Grosse Dunkelziffer bei Opfer

Es muss angemerkt werden, dass die Verurteilungsquote im Falle einer Vergewaltigung bisher sehr tief ausfiel. Nach Angaben der NGO Brava wurde in der Schweiz 2023 in vier von 100 angezeigten Fällen eine Verurteilung erreicht. Zudem ist die Dunkelziffer riesig: Im Schnitt erstattet nur jedes fünfte Opfer eine polizeiliche Anzeige. Aufgrund der Revision des Sexualstrafrechts könnte sich die Verurteilungsquote nun aber ändern. 

Generell ist eine anwaltliche Vertretung sehr zu empfehlen. Bei schlechten finanziellen Verhältnissen kann die unentgeltliche Rechtspflege beantragt werden. Dabei werden die Anwaltskosten zuerst vom Staat übernommen und nach Möglichkeit später zurückgezahlt. Wird eine Person falsch beschuldigt, stehen ihr auch weitere Mittel ausserhalb des laufenden Strafverfahrens zur Verfügung. So kann diese beispielsweise eine Zivilklage zum Persönlichkeitsschutz einreichen oder eine Strafanzeige wegen Ehrverletzung oder Falschbeschuldigung erheben. Wichtig ist zuletzt: Studierende haben oft wenig Geld, sollen aber nicht durch hohe Verfahrenskosten abgeschreckt werden. 
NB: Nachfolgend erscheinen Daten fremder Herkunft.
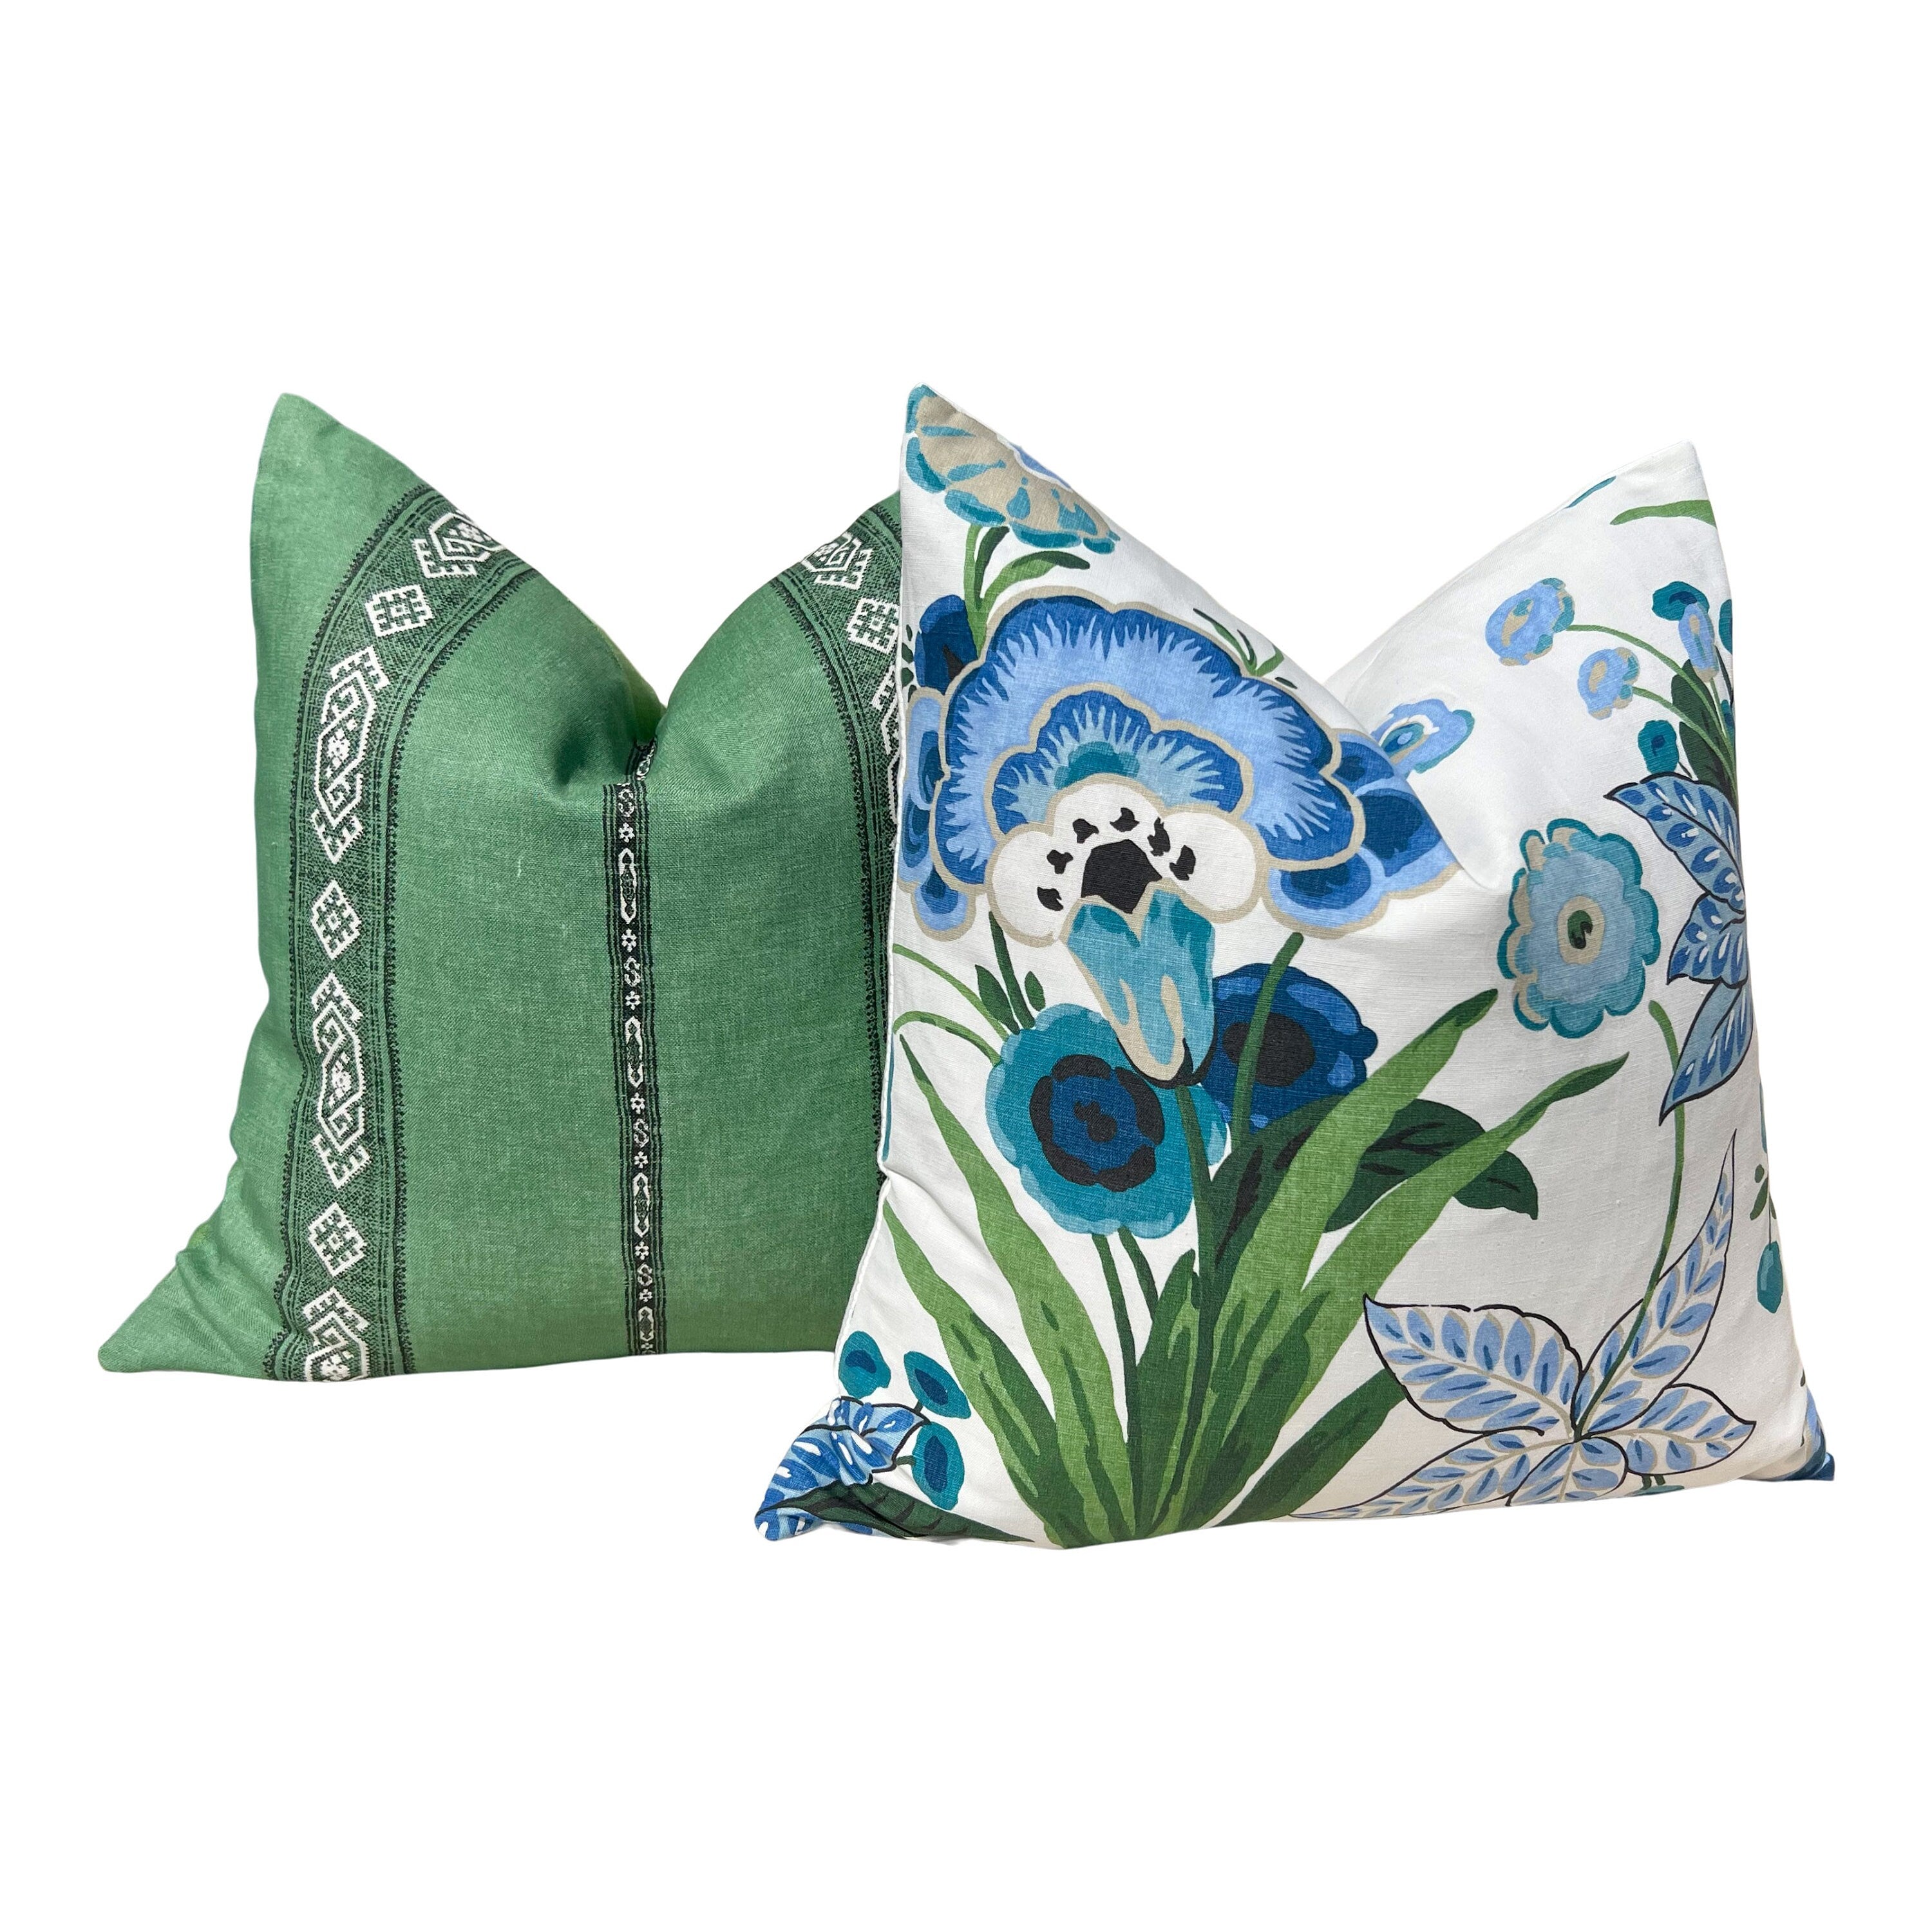 Floral Pasadena Pillow in Blue and Green. Decorative Accent Cushion Cover, Euro Sham Floral for Bed Sofa, Lumbar Pillow, Designer Pillows

Gemäss unserer Bundesverfassung (Artikel 29 Absatz 3) besteht das Recht auf unentgeltliche Rechtspflege. Vorausgesetzt wird, dass  sich die Person das staatliche Verfahren nicht leisten kann, da es ihren Grundbedarf gefährden würde. Ebenso darf das Verfahren nicht aussichtslos sein und die Gewinn- und Verlustchancen müssen ausgewogen sein. Studierende können also, da sie häufig als mittellos gelten, bei der Staatsanwaltschaft die unentgeltliche Rechtspflege beantragen.